GOAL OF THE EXERCISE: Starting at the line holding "Mulan umarmt Li Shang" and finishing at the line holding "Neymar JR 2014", transcribe the material exactly, keeping both ends but no pictures.

RECORDS:
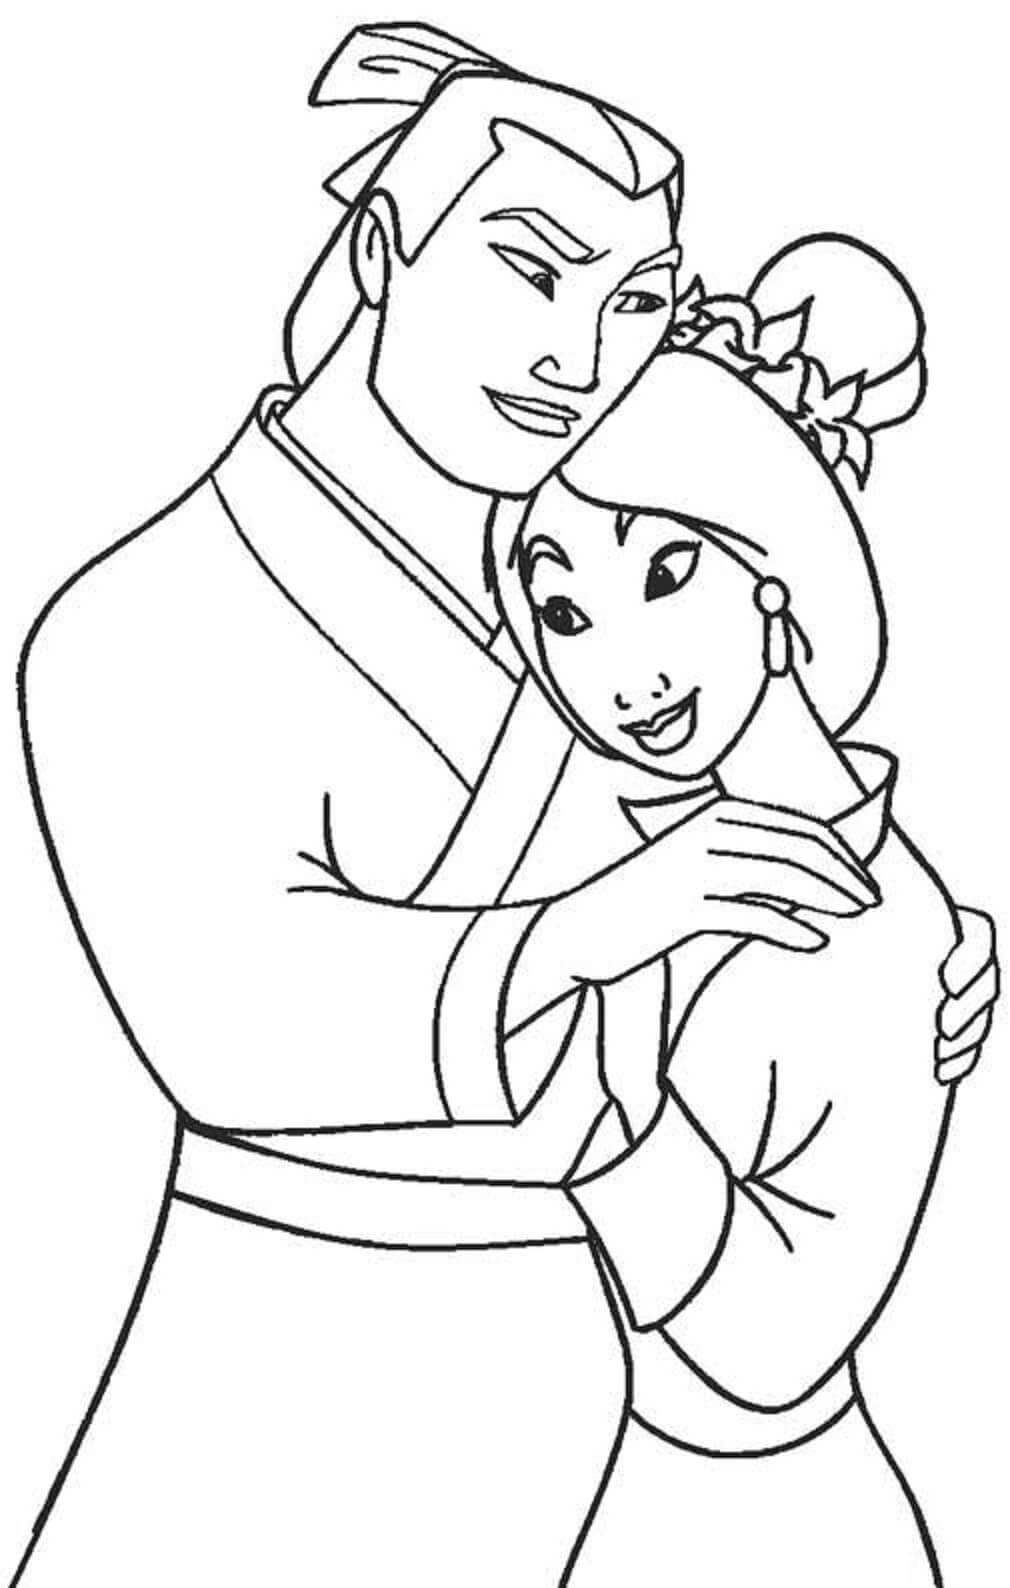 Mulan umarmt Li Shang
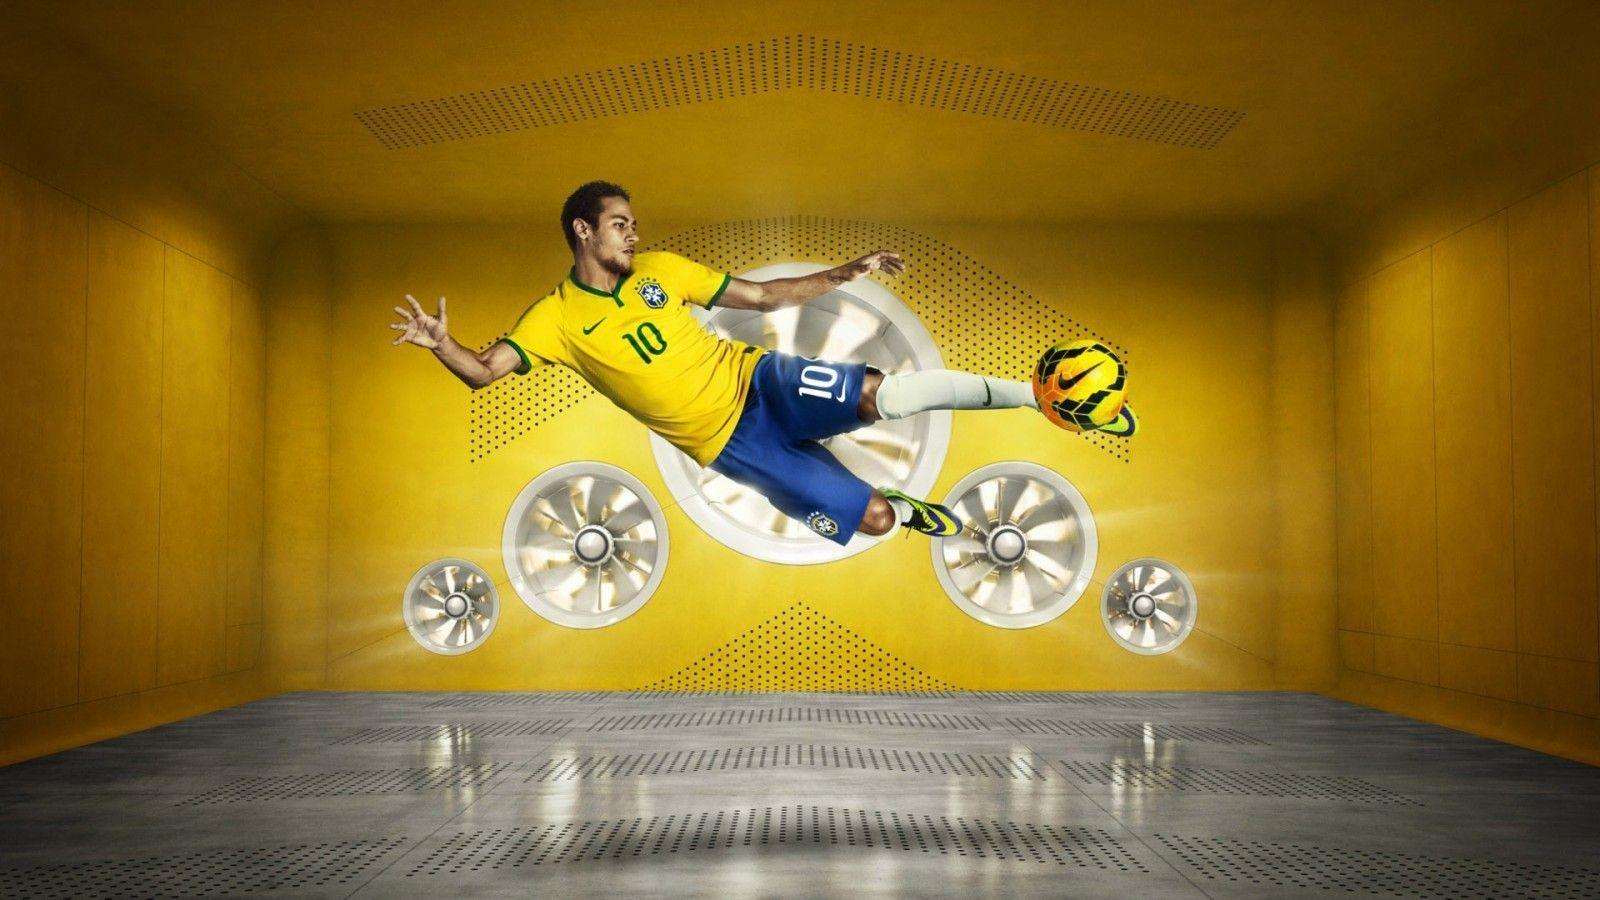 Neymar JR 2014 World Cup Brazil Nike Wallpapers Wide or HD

--

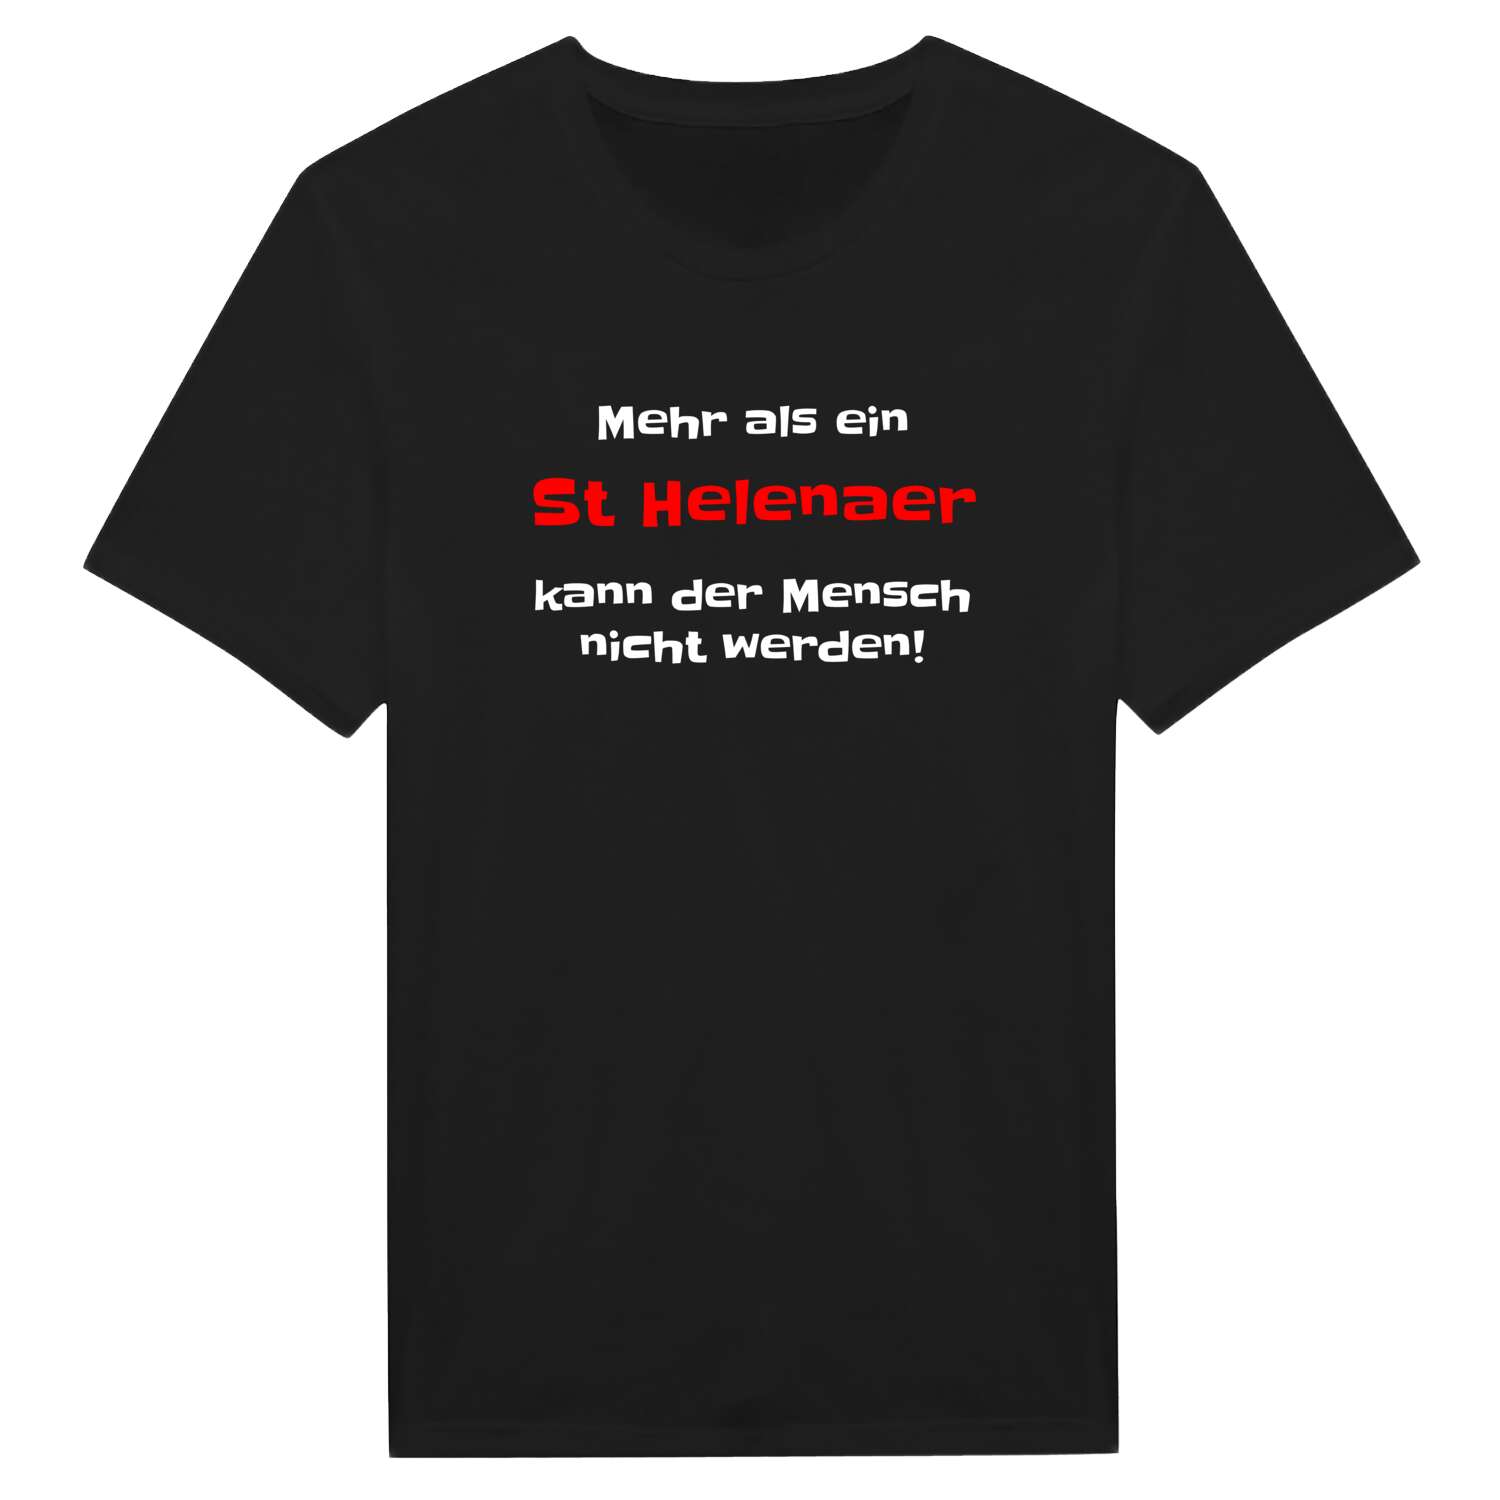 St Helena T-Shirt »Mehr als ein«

FINISHED EXERCISE:
 Mulan umarmt Li Shang
 Neymar JR 2014 World Cup Brazil Nike Wallpapers Wide or HD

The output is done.